- Source data:

_ _ _

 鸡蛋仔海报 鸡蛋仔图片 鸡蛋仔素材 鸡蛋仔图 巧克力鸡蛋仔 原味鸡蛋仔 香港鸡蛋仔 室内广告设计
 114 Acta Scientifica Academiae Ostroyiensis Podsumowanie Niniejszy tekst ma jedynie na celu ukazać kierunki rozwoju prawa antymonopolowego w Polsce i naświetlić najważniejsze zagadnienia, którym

_ _ _

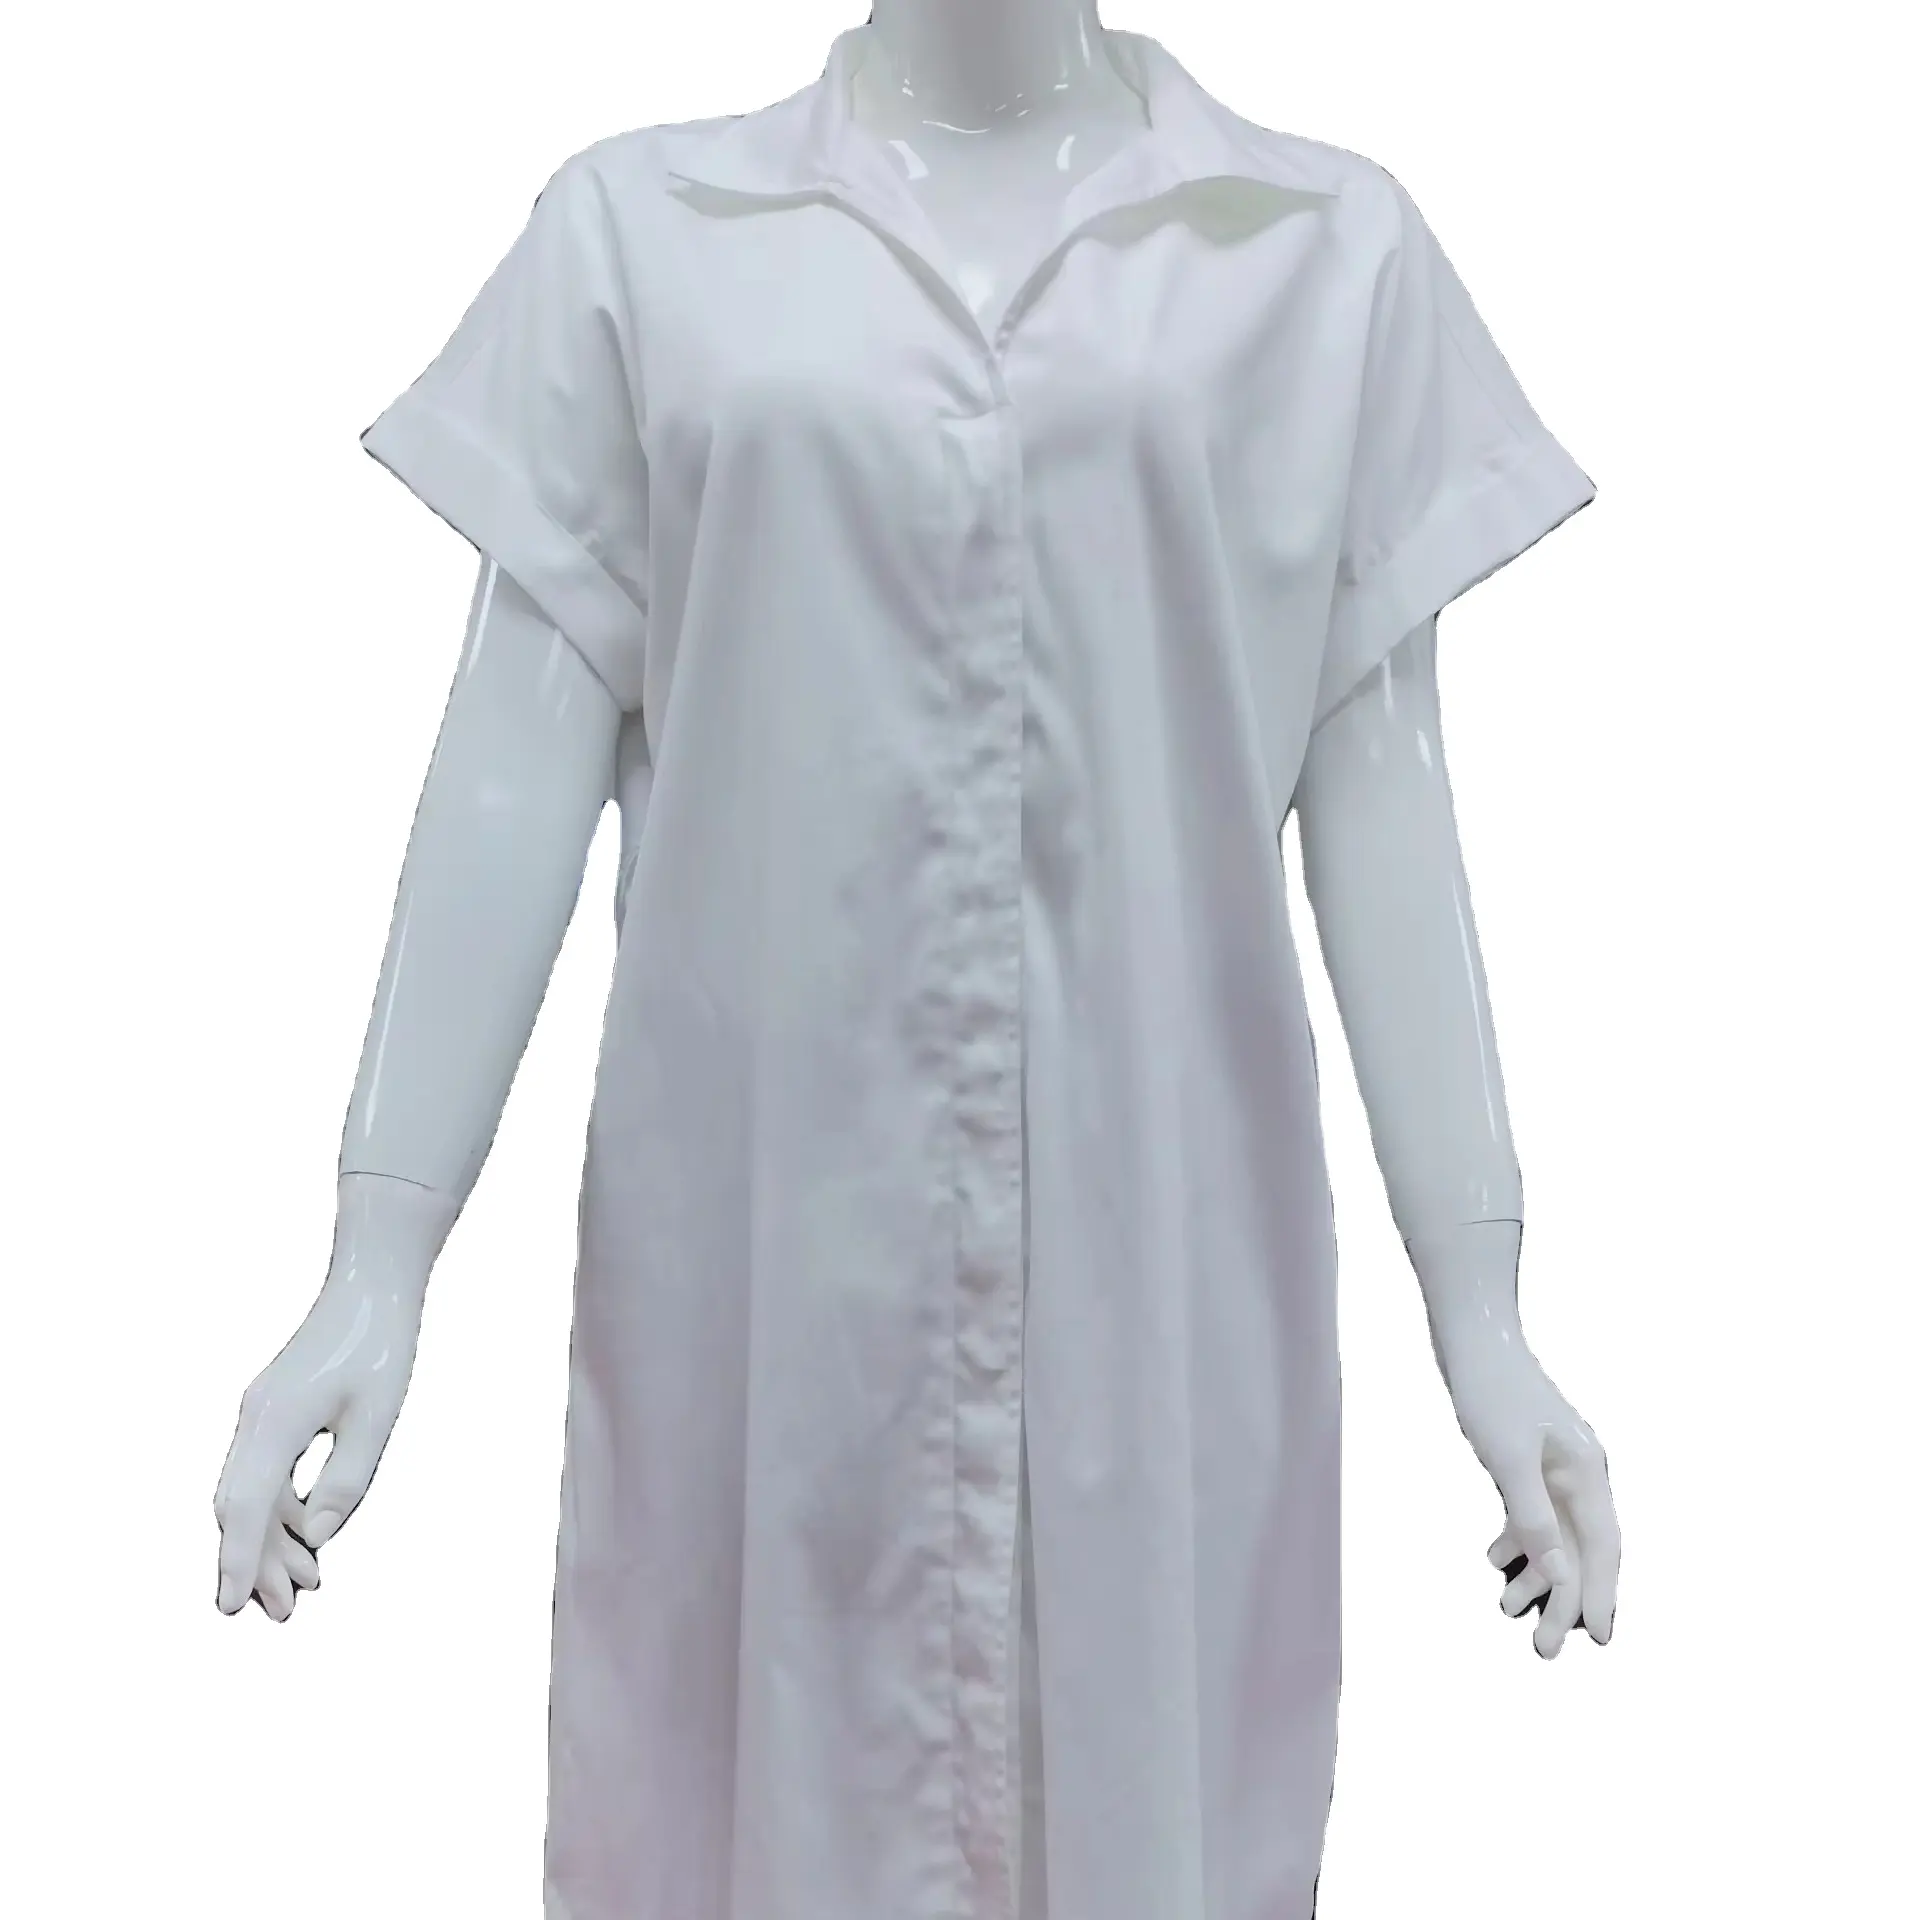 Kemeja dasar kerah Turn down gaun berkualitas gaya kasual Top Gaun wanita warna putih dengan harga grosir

_ _ _

- Your goal: Retype, in the same exact form, the lines of the material above from the line holding "鸡蛋仔海报 鸡蛋仔图片 鸡蛋仔素材" through the line holding "114 Acta Scientifica".

- Expected answer:
 鸡蛋仔海报 鸡蛋仔图片 鸡蛋仔素材 鸡蛋仔图 巧克力鸡蛋仔 原味鸡蛋仔 香港鸡蛋仔 室内广告设计
 114 Acta Scientifica Academiae Ostroyiensis Podsumowanie Niniejszy tekst ma jedynie na celu ukazać kierunki rozwoju prawa antymonopolowego w Polsce i naświetlić najważniejsze zagadnienia, którym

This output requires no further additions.